Our guest for July, Richard Sanderson, is a musician, radio presenter and music promoter.

Originally from Middlesborough, he began his music career in punk and post-punk bands before coming to London in 1985.

He currently presents the conceptual chat show "Sanderson's Alcove" on London's radio art station Resonance 104.4fm, and has promoted live experimental music in London in the clubs "Baggage Reclaim", "Western Civilisation", "Reaction Time" and currently "Scaledown" (in collaboration with Mark Braby).

He has been one of the directors of the London Musician's Collective (the organisation behind Resonance FM and a major promoter of experimental music in the UK) for nine years. He has also spoken in public on sceptical and rationalist issues, and dances with Blackheath Morris Men.

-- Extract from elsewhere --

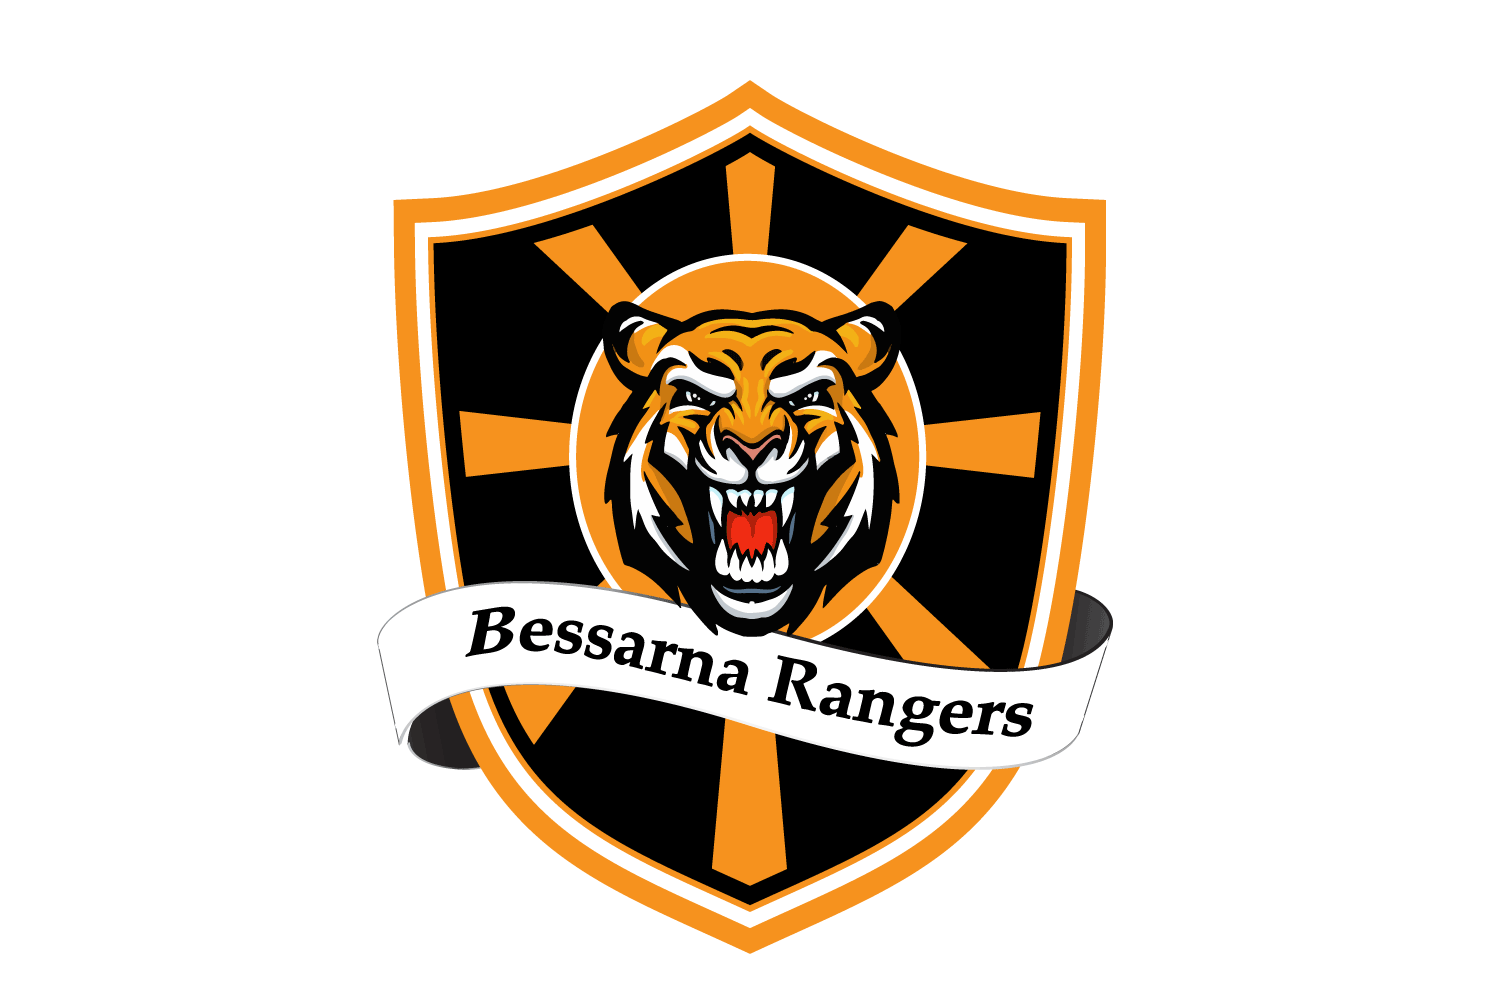 The Bessarna Club-logo

He has been a member of the London improvised music community for some 15 years, playing electronics, amplified objects and squeezebox. He also sings minimalist pop songs accompanying himself on laptop. He has recorded in the groups Minnow and Ticklish, plays in the duo Thames Barrier with Scott Taylor and is soon to release a duo LP with Steve Beresford.

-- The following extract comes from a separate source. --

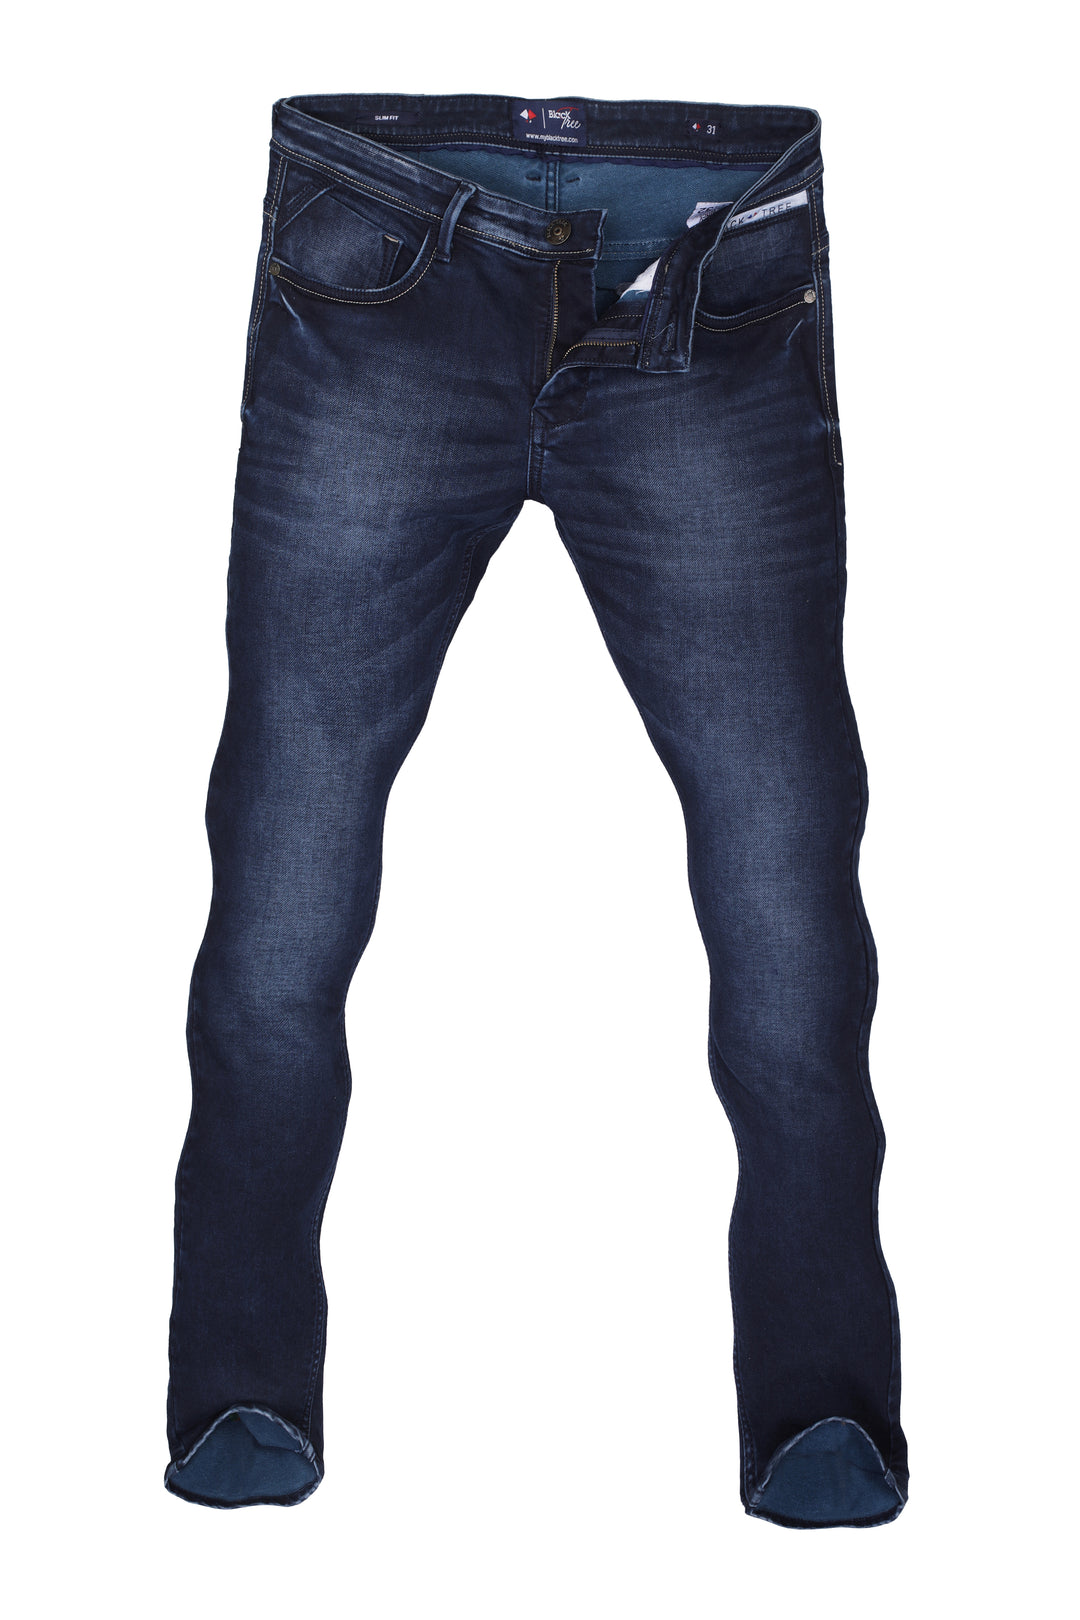 BlackTree Men's Slim Fit Tyro Blue  Jeans BT004 ..

We caught up with Richard to find out what he's currently listening to:

John Butcher- "Invisible Ear"

London improvising musician John Butcher was been quietly and deliberately moving the saxophone as far away from its jazz roots as possible, culminating in this recent release on the Fringes label. For several tracks he doesn't even blow into it, instead he amplifies it from an internal microphone to create feedback which he then shapes by using the fingering. On other tracks he builds dense clouds of noise through multitracking. It's not an easy listen, but it is a fascinating and occasionally lyrical document by a genuine explorer.

http://www.johnbutcher.org.uk/

Limn- "Limn EP"

This 4 track EP by the young 5 piece instrumental band Limn included the single most exciting piece of music I've heard in the last 6 months- "In The Presence Of Autoflorescence"- a glorious mixture of choppy minimalist riffing which builds towards a teasing and ultimately irresistible tune played on guitar and vibraphone. Elsewhere the group adapts Steve Reich style phasing techniques to jangly guitar dynamics to equally joyous effect, or create a dubby fluent funk. Watch this band.

www.4thharmonic.com/

John Spiers and Jon Boden- "Bellow"

John Spiers (Melodeon) and Jon Boden (Vocals and Fiddle) play English folk songs and dance tunes with an almost punky energy and spark, without resorting to electricity or rock arrangements. Still in their twenties, these fellas could be the ones to wrestle English songs and Morris tunes free from the beards and beers clichés . It's not a novelty record though- it's firmly in the tradition and mixes energetic breakdowns with regret soaked ballads like "Courting Too Slow". Funky packaging too...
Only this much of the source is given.